What this study doesn’t say is probably more important that what it does. The world definitely needs to re-teach breech! More cesarean sections cannot be a long term solution. All of organized medicine and the WHO agree that the rate is way too high. It would seem to me that poor outcomes as defined in this study can be directly correlated to limited resources and lack of skill. This study is not able to differentiate outcomes with skilled practitioners from those unprepared to assist a term vaginal breech delivery. If you review data from specific breech centers and my own clinical experience the results would be much different. Research like this is designed to look at a finite set of parameters. Application to the real world thus is limited. There is no mention here of the risks to mothers and babies from a pre-labor, scheduled cesarean section. Pre-labor cesarean section has been linked to obesity, endocrine dysfunction and altered microbiome. The welfare of the mother in this and future births is not considered.
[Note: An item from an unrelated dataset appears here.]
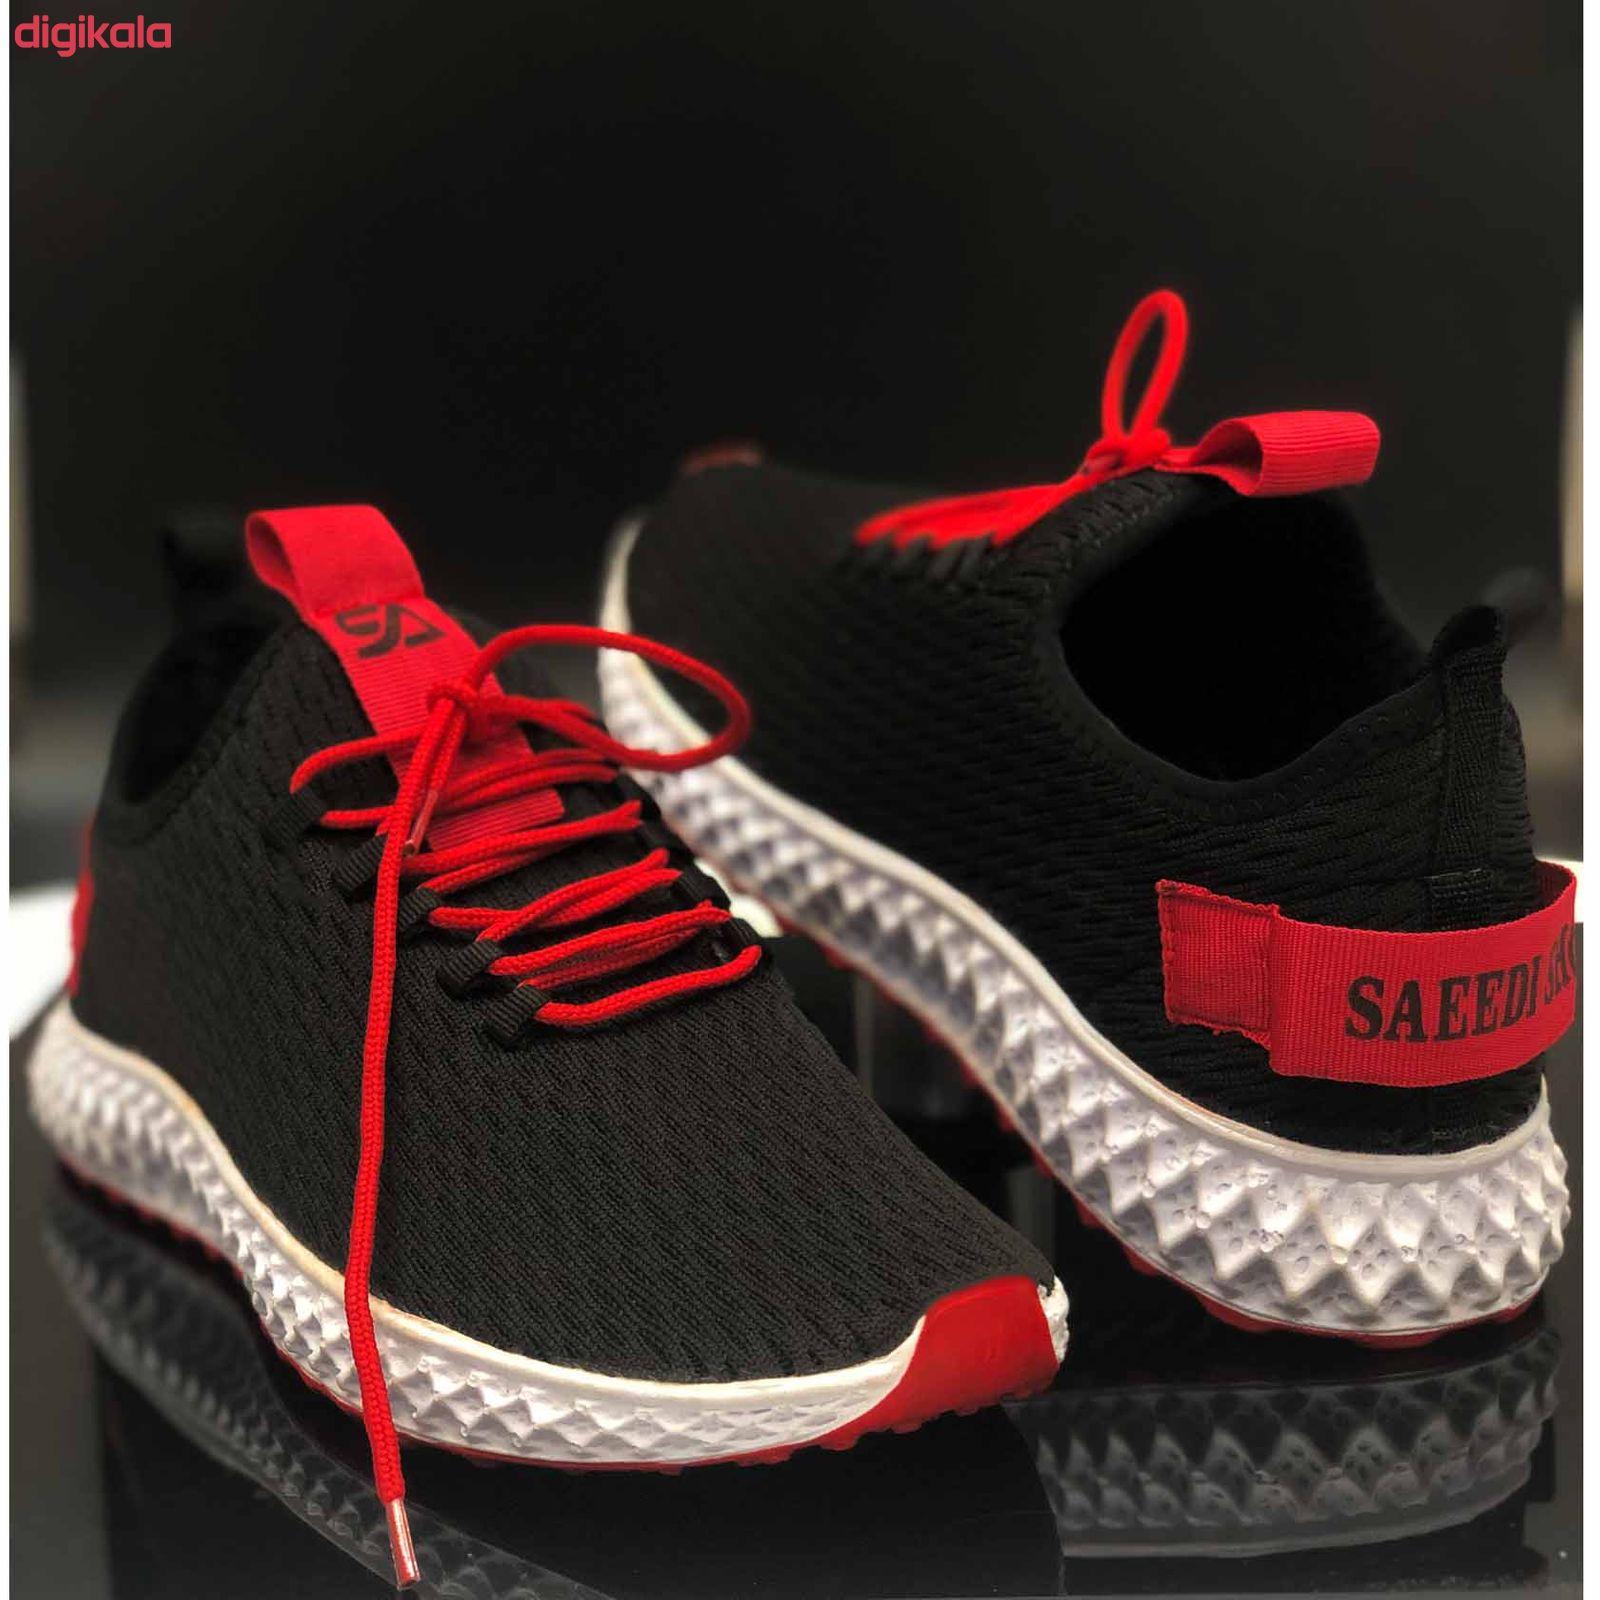 کفش مخصوص پیاده روی سعیدی کد Sa 303 main 1 3

Neither short term risks nor the myriad of long term risks of surgical birth which are becoming more evident every year are considered. I do not fault the authors here as it was not part of their study but it is worrisome when news editors put out misleading headlines such as the Medscape article mentioned earlier where cesarean is proclaimed safest.
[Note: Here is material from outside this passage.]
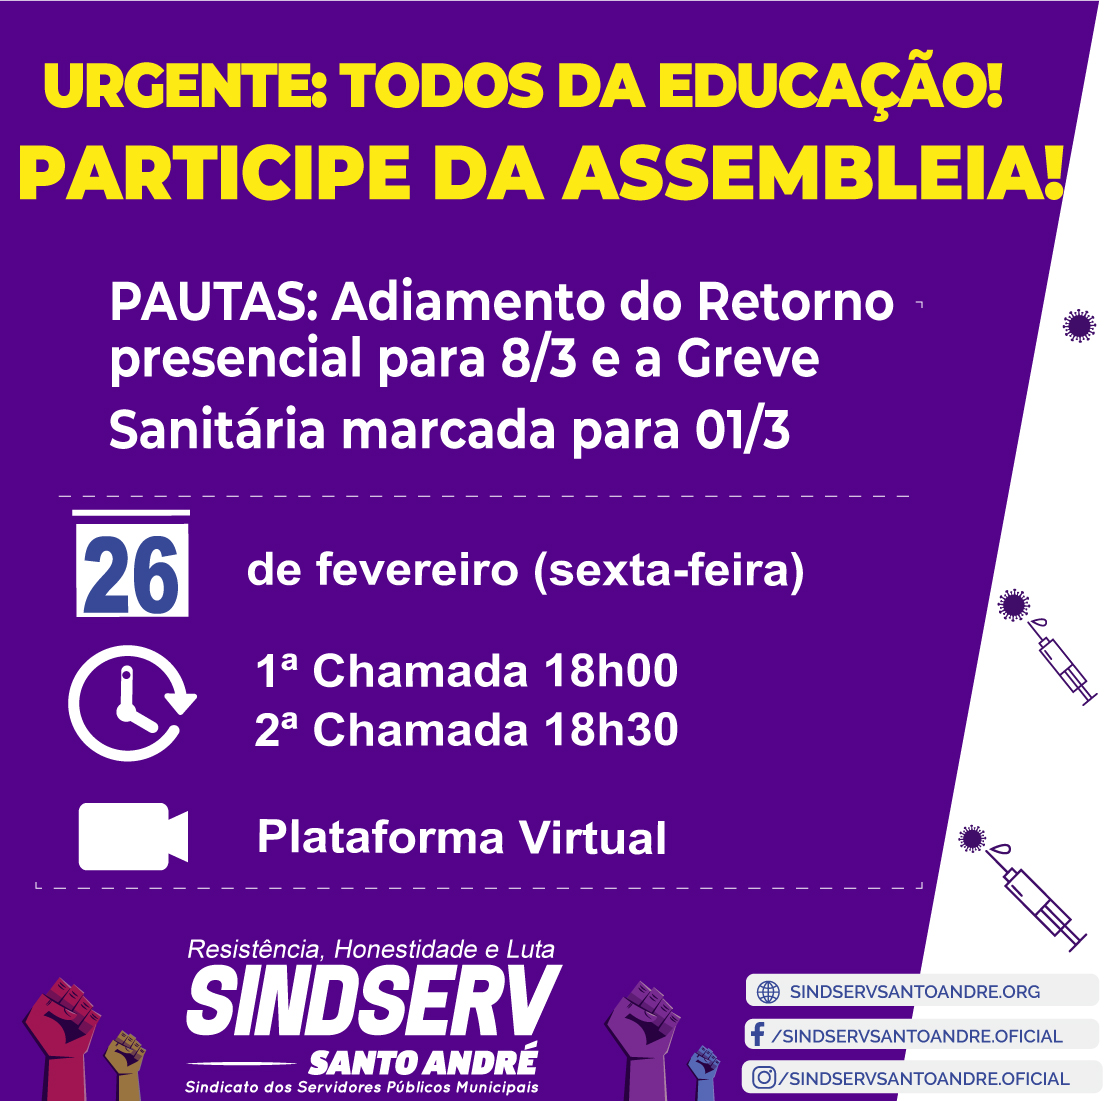 Imagem de Sindserv Santo André realiza Assembleia Virtual com trabalhadores da Educação nesta sexta (26)

There are many limitations to any scientific study. It is impossible to control for all variables. The authors here admit to this and other weaknesses and I believe did not have any conformational bias when they set out to look at the numbers. Dr. Lyons concludes that composite risks were “significantly higher after a vaginal breech delivery and after a cesarean delivery in labor as compared with cesarean delivery before labor onset. The risks associated with vaginal and cesarean delivery should be carefully considered by women contemplating a singleton breech delivery at term gestation and by their physicians.” I agree that all risks and benefits of reasonable birth choices should be carefully considered by women and their families but her last few words are very concerning to me. Although Dr. Lyons does not and would not say vaginal birth is contraindicated her message will almost certainly be construed that way. The physician leaders in the current dominant medical community continue to defend surgical birth and do nothing about the disappearing art of breech delivery. This article notwithstanding, selected term vaginal breech delivery remains a very reasonable option in skilled hands and the expansion of the number of skilled hands should be our goal.